### Source records
=-=-=

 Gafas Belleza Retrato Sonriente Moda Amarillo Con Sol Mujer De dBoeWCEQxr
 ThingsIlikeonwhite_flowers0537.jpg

=-=-=

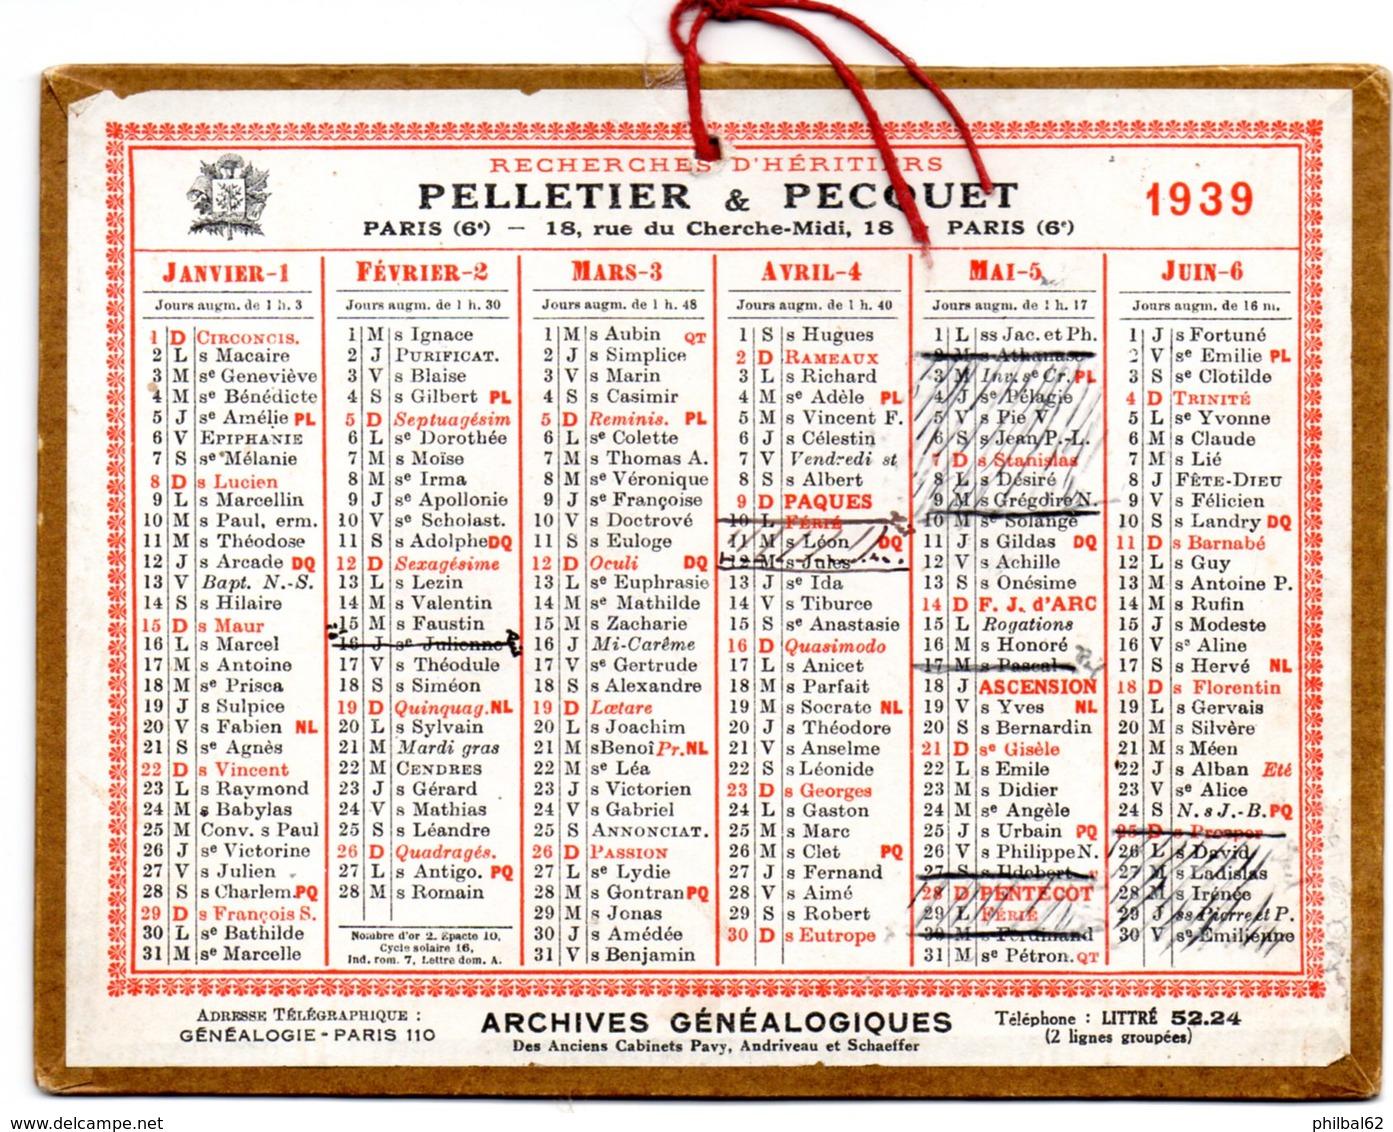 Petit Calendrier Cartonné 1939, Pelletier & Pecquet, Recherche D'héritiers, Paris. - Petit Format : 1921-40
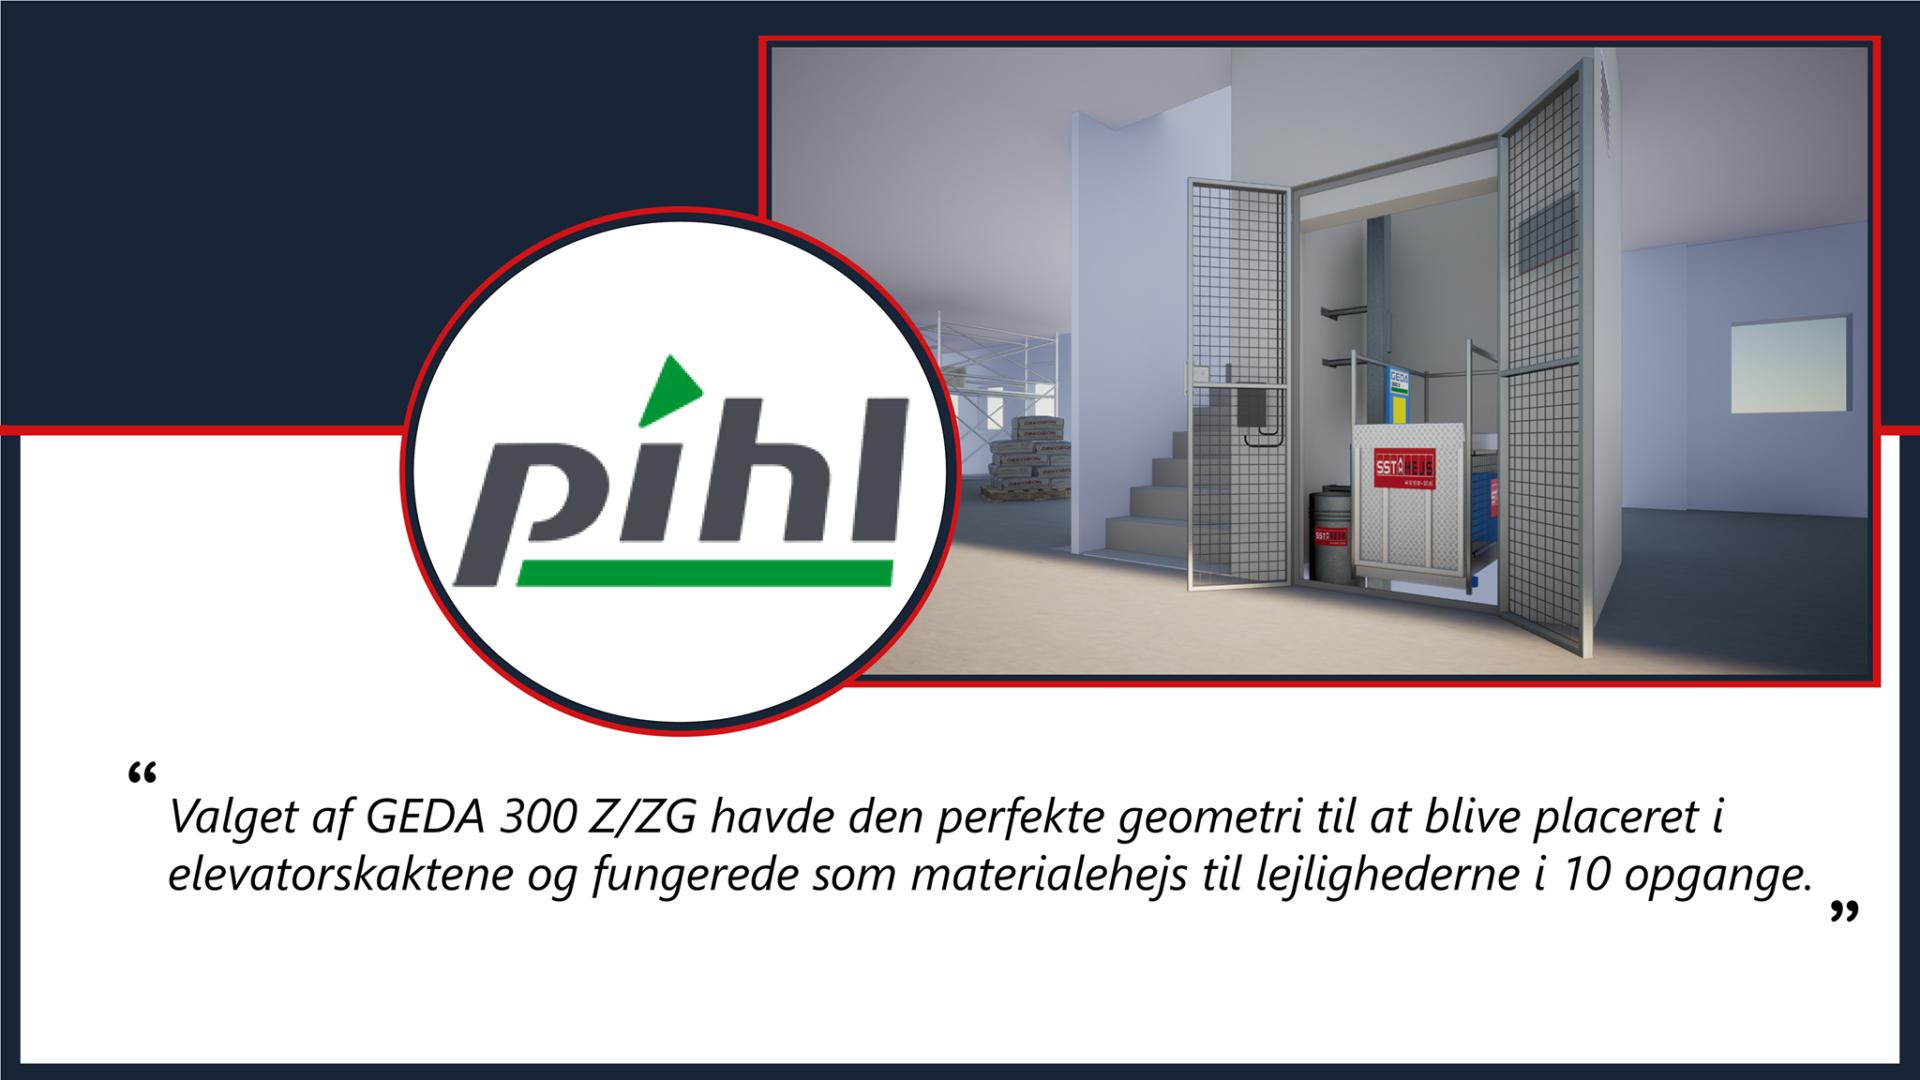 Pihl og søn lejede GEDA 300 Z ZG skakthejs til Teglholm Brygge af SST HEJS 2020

=-=-=

### Work instructions
As listed above, the lines from the line with "Gafas Belleza Retrato" to the line with "ThingsIlikeonwhite_flowers0537.jpg" are to be echoed exactly, with both ends included and nothing added.

### Written answer
 Gafas Belleza Retrato Sonriente Moda Amarillo Con Sol Mujer De dBoeWCEQxr
 ThingsIlikeonwhite_flowers0537.jpg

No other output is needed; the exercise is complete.